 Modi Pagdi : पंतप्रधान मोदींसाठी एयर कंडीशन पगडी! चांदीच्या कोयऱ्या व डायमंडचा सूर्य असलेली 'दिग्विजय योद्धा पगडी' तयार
==
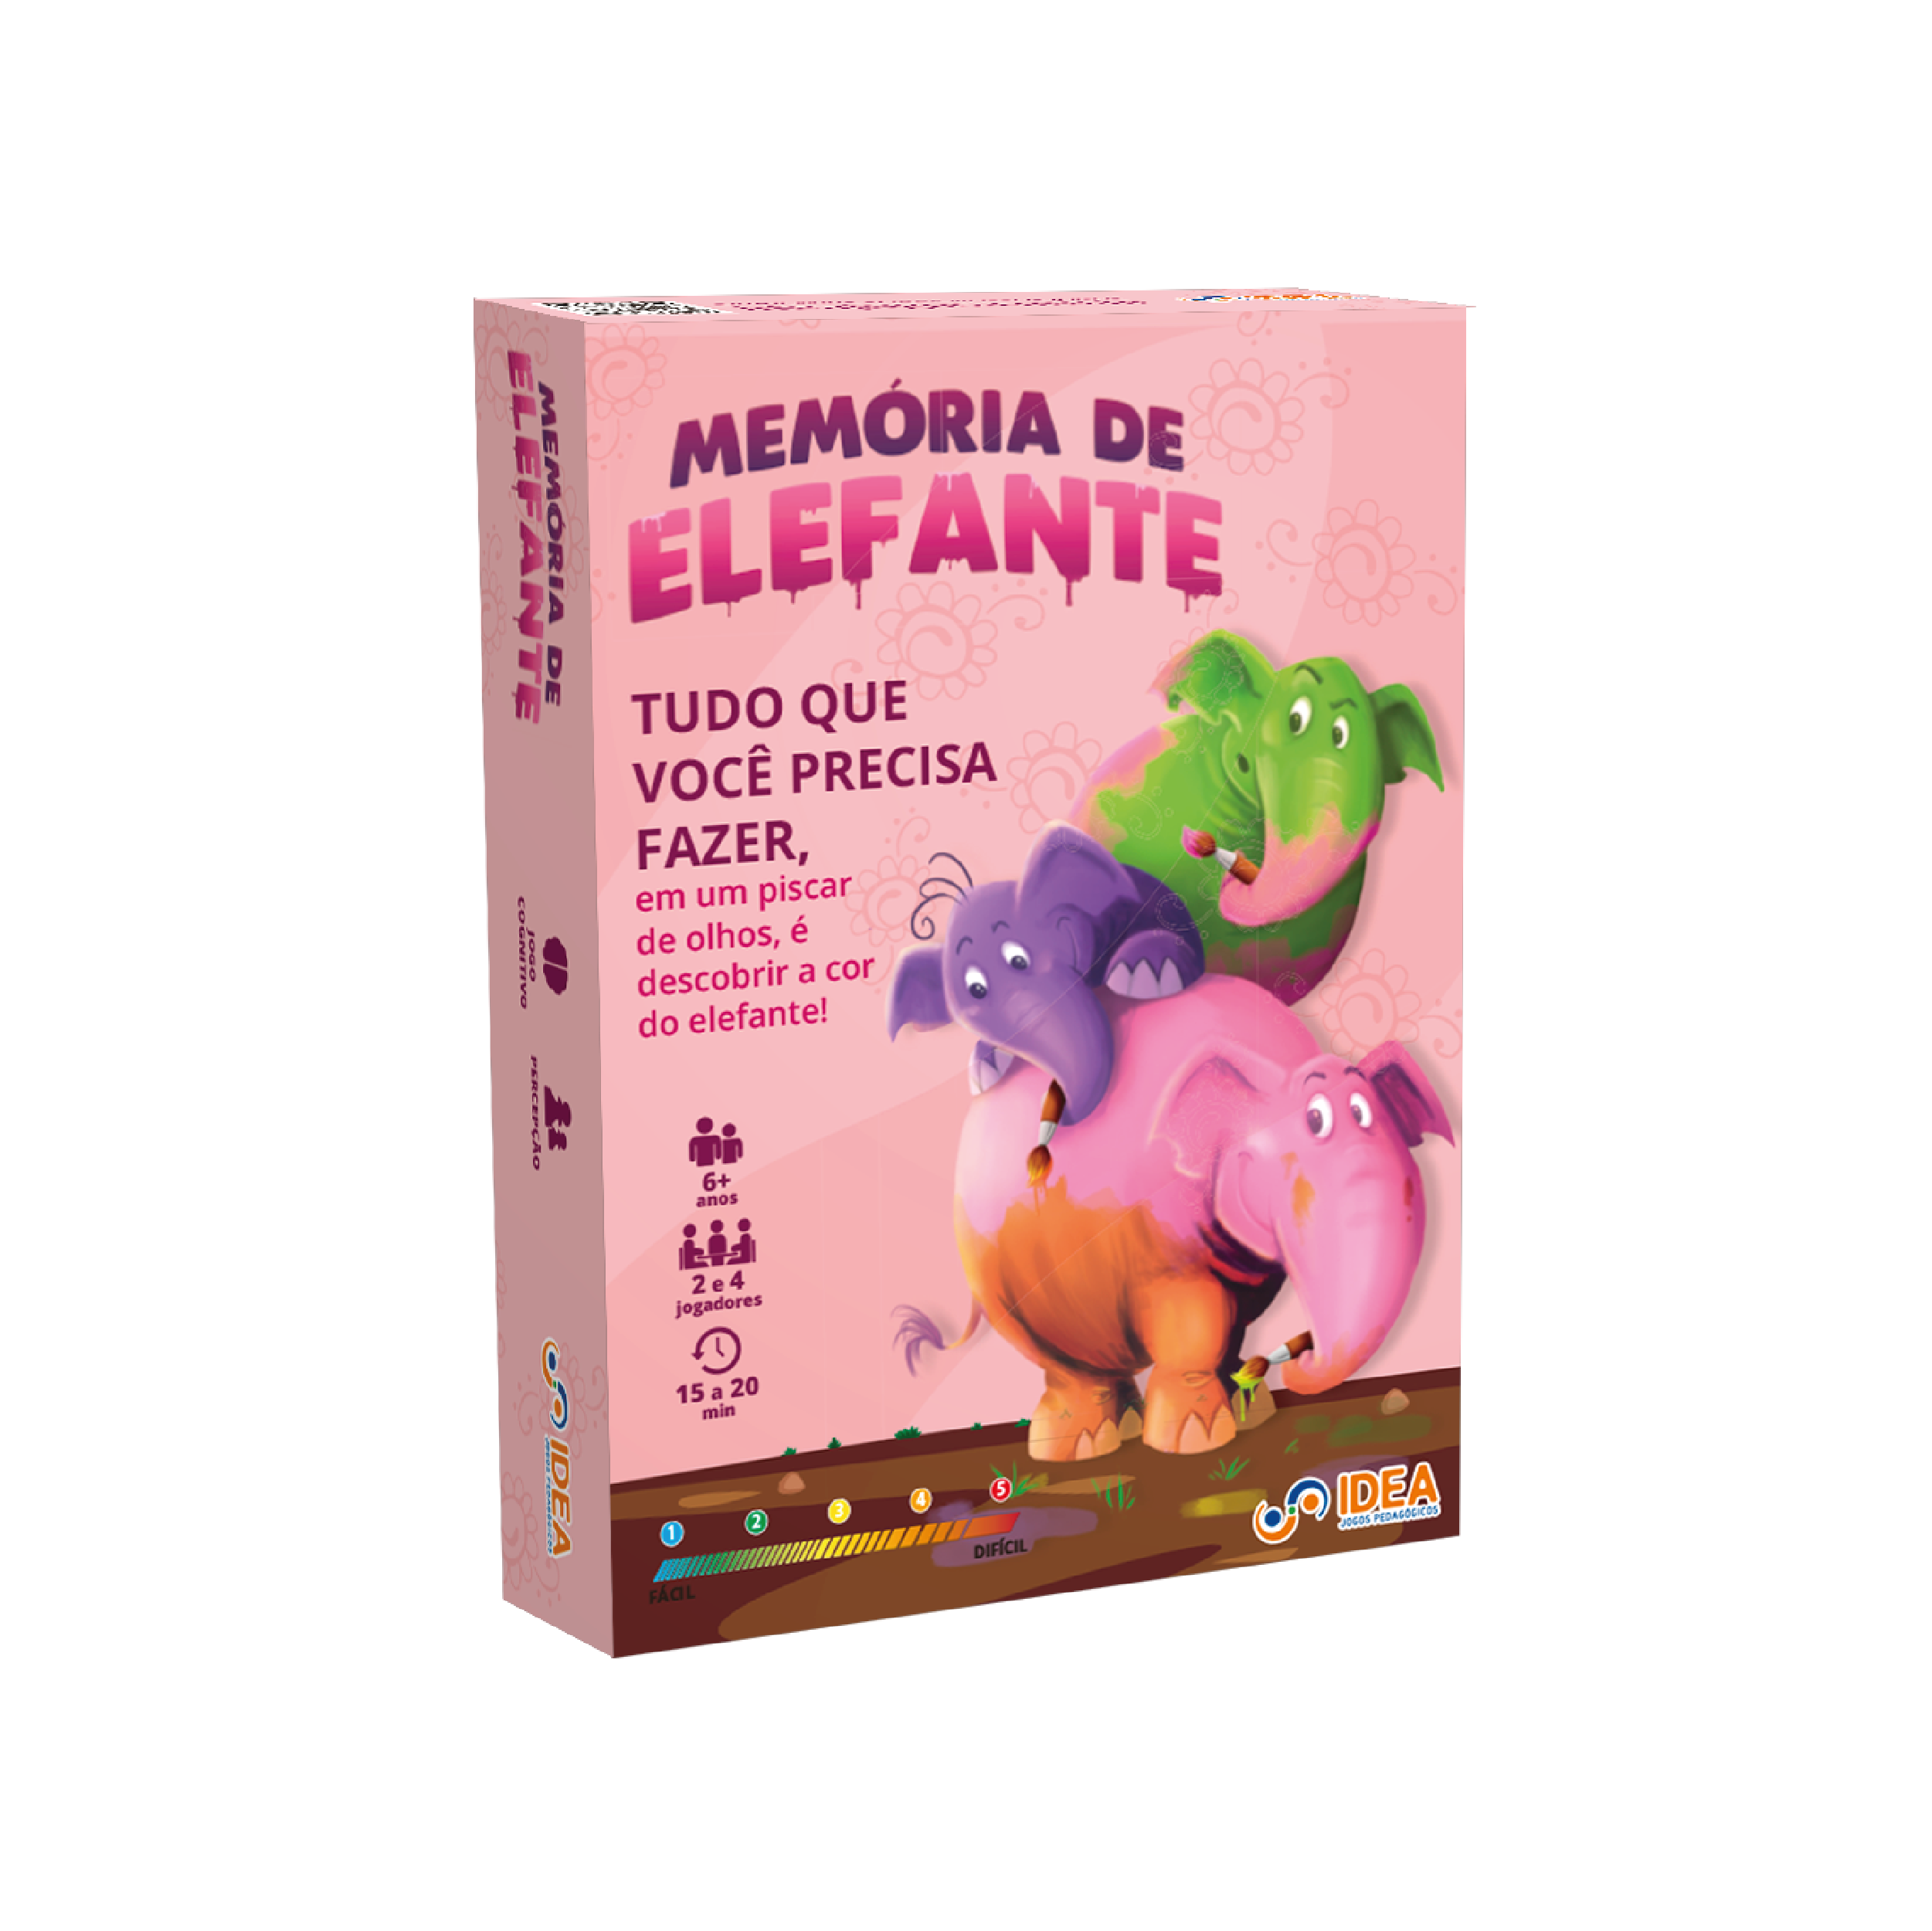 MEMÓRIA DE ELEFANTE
==
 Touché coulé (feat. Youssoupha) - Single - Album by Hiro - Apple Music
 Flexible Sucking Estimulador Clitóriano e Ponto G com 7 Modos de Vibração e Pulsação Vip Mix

-- WHAT YOU WILL DO --
Nothing but the lines above from the one containing "Touché coulé (feat." through the one containing "Flexible Sucking Estimulador" should appear in the answer, each repeated exactly.

-- OUTPUT OF THE TASK --
 Touché coulé (feat. Youssoupha) - Single - Album by Hiro - Apple Music
 Flexible Sucking Estimulador Clitóriano e Ponto G com 7 Modos de Vibração e Pulsação Vip Mix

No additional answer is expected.